A study conducted by eBay entitled, “Consumer Heterogeneity and Paid Search Effectiveness: A Large Scale Field Experiment,” found that putting your dollars into PPC marketing — particularly related to non-brand keywords — may not be effective. “The non-brand keyword experiments show that [search engine marketing] had a very small and statistically insignificant effect on sales,” the authors wrote.
That study was based on a hypothesis about how consumers use search engines. The authors hypothesized that most searchers are looking for information about something rather than using a search engine because they’re prepared to make a purchase decision. That includes your potential clients. A lot of PPC bidding is centered on coveted terms for attorneys like “DUI Attorney Georgia,” and other keywords that attorneys may believe their potential clients are searching for.
However, your potential clients, for the most part, are unlikely to type in simple keyword terms to a search engine. They’re much more likely to ask specific questions of Google, trying to learn what they should do next about the problem they’re facing. They may not even know that they need to seek an attorney yet.
It’s why bidding on those highly sought after terms isn’t always a good strategy: not only is their fierce competition for those terms, which then raises their cost, but your potential clients may not ask a question of Google that uses similar terminology. Plus, search results can change from user to user — when you search for a term you’ve successfully bid on, you may see it in your search results. Your potential clients may see completely different results for the same query. And now, on top of all of that, attorneys have to face the fact that their potential clients are using software that will prevent them from seeing ads altogether.
Your law firm’s ads may be blocked on mobile phones, too.
A growing number of individuals in the United States use primarily — or are dependent on — a mobile device in order to access the internet. Your next potential client is likely to visit your law firm website from a mobile device. (A very good reason to ensure your website is, at the very least, mobile-friendly, but optimally, that it’s responsive.)

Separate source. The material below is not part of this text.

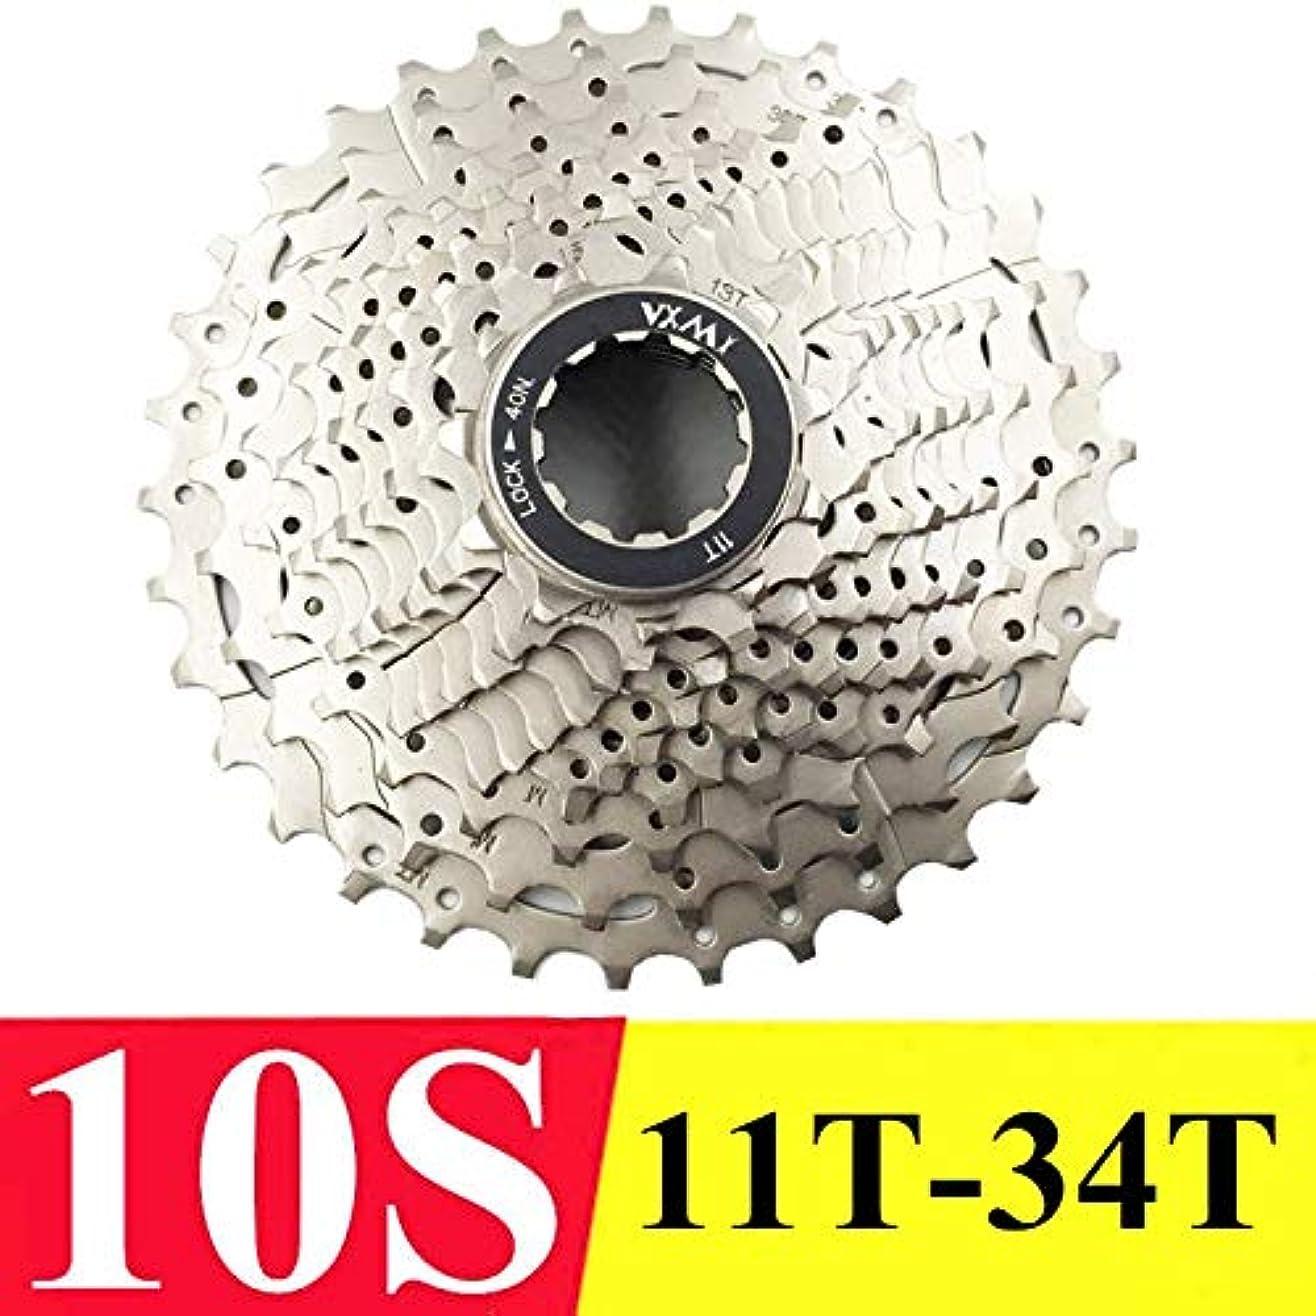 ノーブルスナップわなPropenary - 自転車フリーホイールフリーホイールカードタイプフライホイール10スピード11-32T / 34T / 36T / 40T / 42T / 46Tカセットフリーホイール自転車部品[10S 34Tシルバー]

Ad-block software has started to become a staple of desktop and laptop computers, but looking to data from emerging markets like India and Indonesia may tell us what will happen next. Roughly two-thirds of smartphone users in those countries use ad-block software on their mobile devices. The need for ad-block software in these parts of the world seems to be driven by the high costs of mobile data. Ad-blockers help users conserve their data and give websites shorter load times on mobile devices. And, of course, ad-blockers help those users get the information they seek by eliminating ads.

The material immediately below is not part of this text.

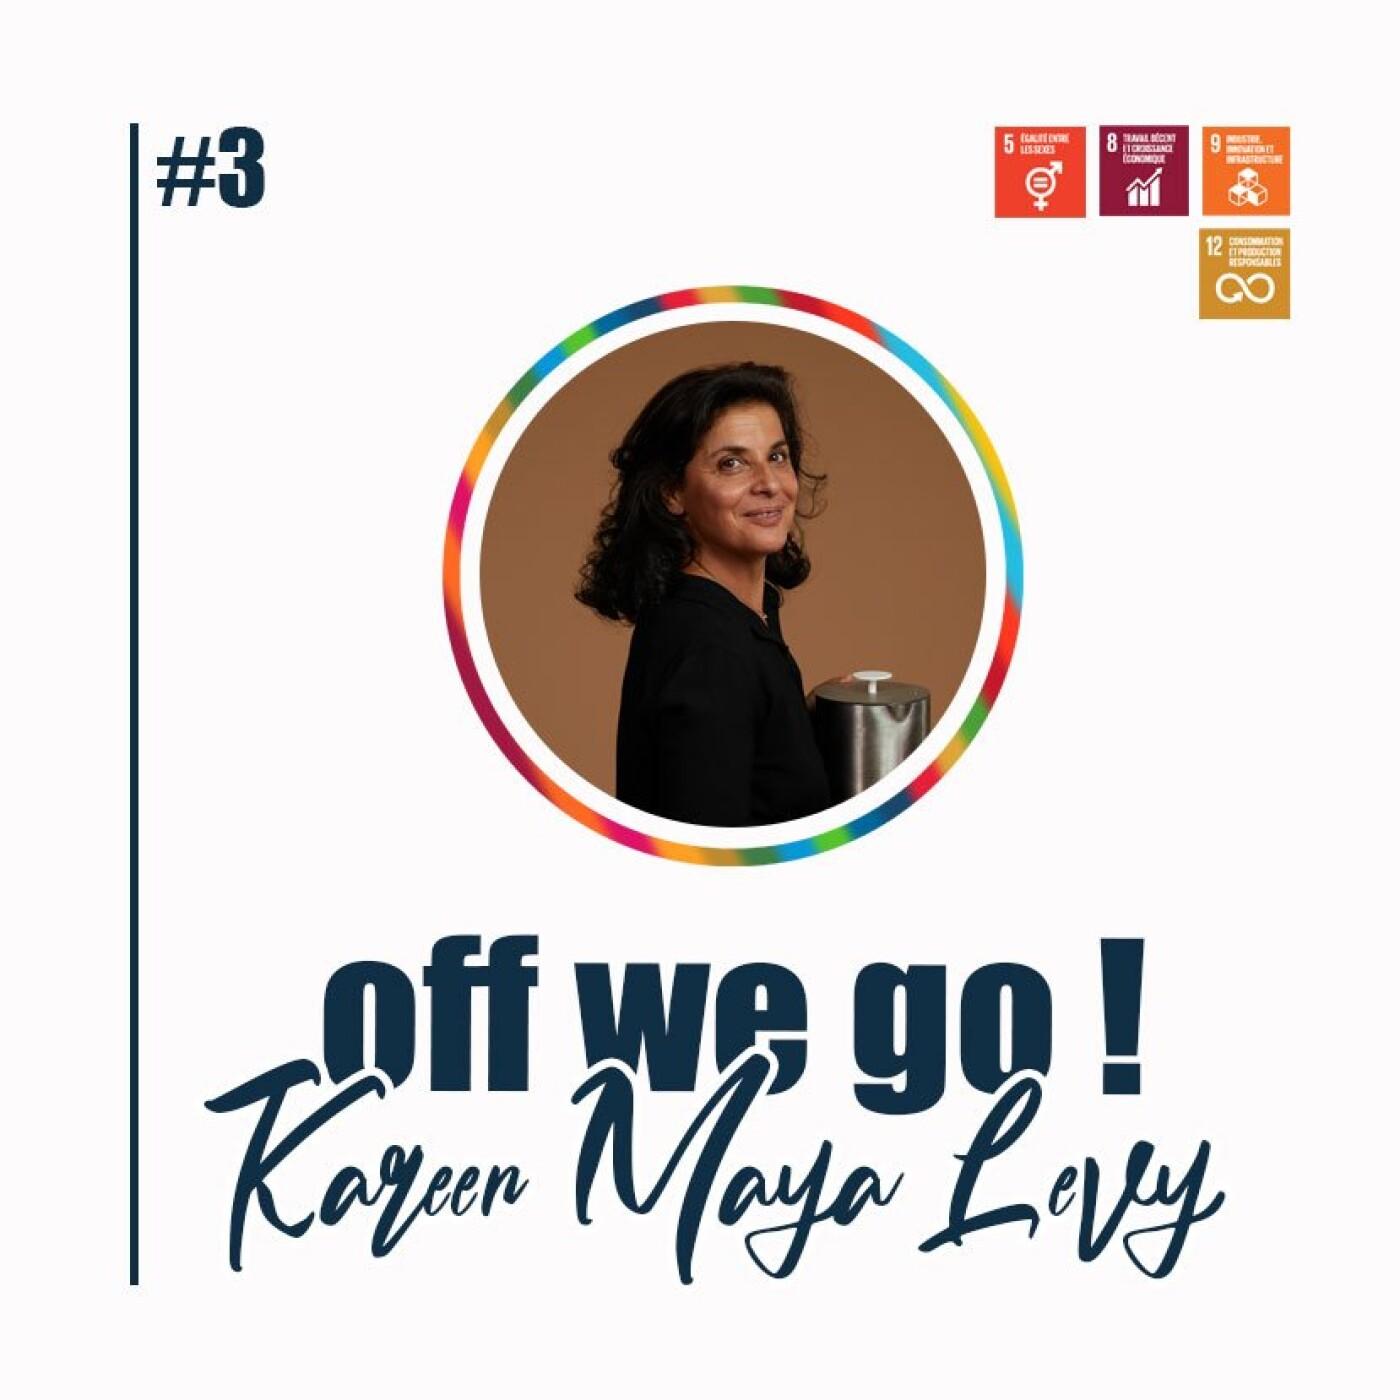 Le Durable, le nouveau modèle économique responsable - Kareen Maya Levy (Kippit)

Based on the fact that 20 percent of mobile phone users are using ad-block software — a number likely to increase in the next few years, particularly in the Western world — your law firm may be spending your marketing budget on ads that your potential clients never see.
Are you making the most out of your law firm’s marketing budget?
At LawLytics, we believe PPC can be a bridge for attorneys while they build their law firm’s web presence into an appreciating asset (full of the information your potential clients are looking for), but the rise in the use of ad-block software should signal to attorneys that dependence on PPC isn’t a sustainable, long-term plan.
PPC for law firms was tough enough before ad-block software came along, but now, you may really be investing your money in marketing that doesn’t produce results. The good news is that there are sustainable ways to build and grow your practice while maximizing your web presence and minimizing both the energy you have to put in and the money that you spend.